In a system, many tasks compete for the limited resources, task scheduler is the system that mediates between tasks and resources by intelligently allocating resources to tasks so that task-level and system-level goals are met.
Why we need task scheduler?
it allows us to complete a large number of tasks using limited resources, provide users with an uninterrupted execution experience.
Design
Requirements
- task wise
- submit task
- remove task
- monitor task
- allocate resources
Components
- clients: every system need a client, in our case, client can initiate the task
- rate limiter: it’s important to limit the number of tasks for the reliability of our service.

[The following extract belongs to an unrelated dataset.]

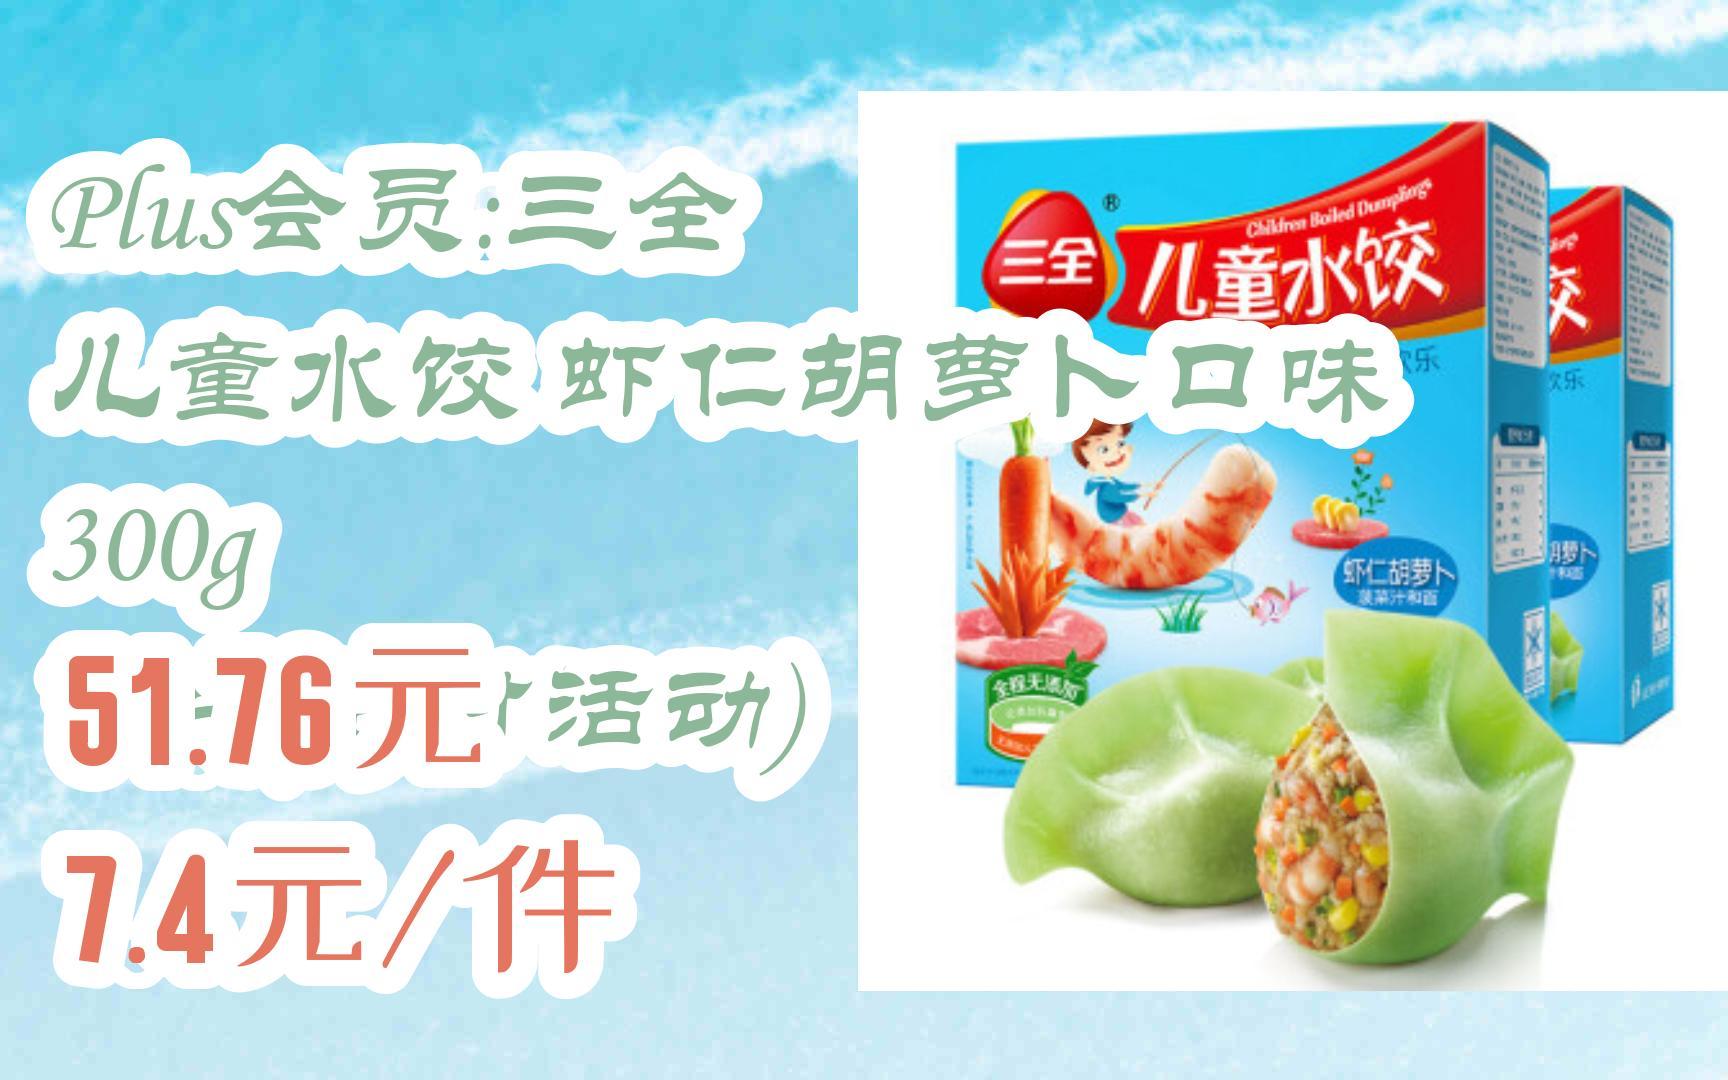 三全水饺广告图片

- task submitter: admit the task if it’s passed rate limiter
- there is a cluster manager to which each node report their status
- each node will also update manager regarding the tasks they admits
- sequencer: assign unique ID to newly created tasks
- DB: tasks and its metadata need to be stored in distributed database.
- metadata can be stored in relational database
- the dependency relationships can be stored in graph database.
- batching and prioritization: after we store the tasks information into database, prioritization is based on the attribution of tasks.
- top K priority tasks are pushed into distributed queue
- distributed queue: consist queue manager and queue
- queue manager adds, updates or delete tasks in queue, it also keep the task in queue until it success, if task fails, it will be visible again
- resource manager: know which resources are free, it pulls the task from distributed queue, and assign them the resources.
- it also keep track the execution status of each task, and report their status to queue manager.
- monitoring service: check the health of the resource manager and the resources.
Considerations
let discuss the scheduling strategy, where we determine which tasks to push into the queue.
and we cannot rely on FIFO queue due to the lack of flexibility, instead, we should categorize tasks and assign them to proper queues.
- tasks cannot be delayed
- tasks can be delayed
- tasks need to be executed periodically
by using a delay tolerance parameter, we can postpone the tasks with longer delay tolerance for urgent tasks during the peak time.
for malicious tasks, we can
- use authentication and resource authorization
- consider code sandboxing technology
Evaluation
the most important feature is availability, otherwise all system cannot provide any services
Availability
- we add the rate limiter
- task submitter is distributed service
- the queue to rank the tasks is also distributed
- also we have monitoring system to ensure the availability of system
Scalability
- system is modularized properly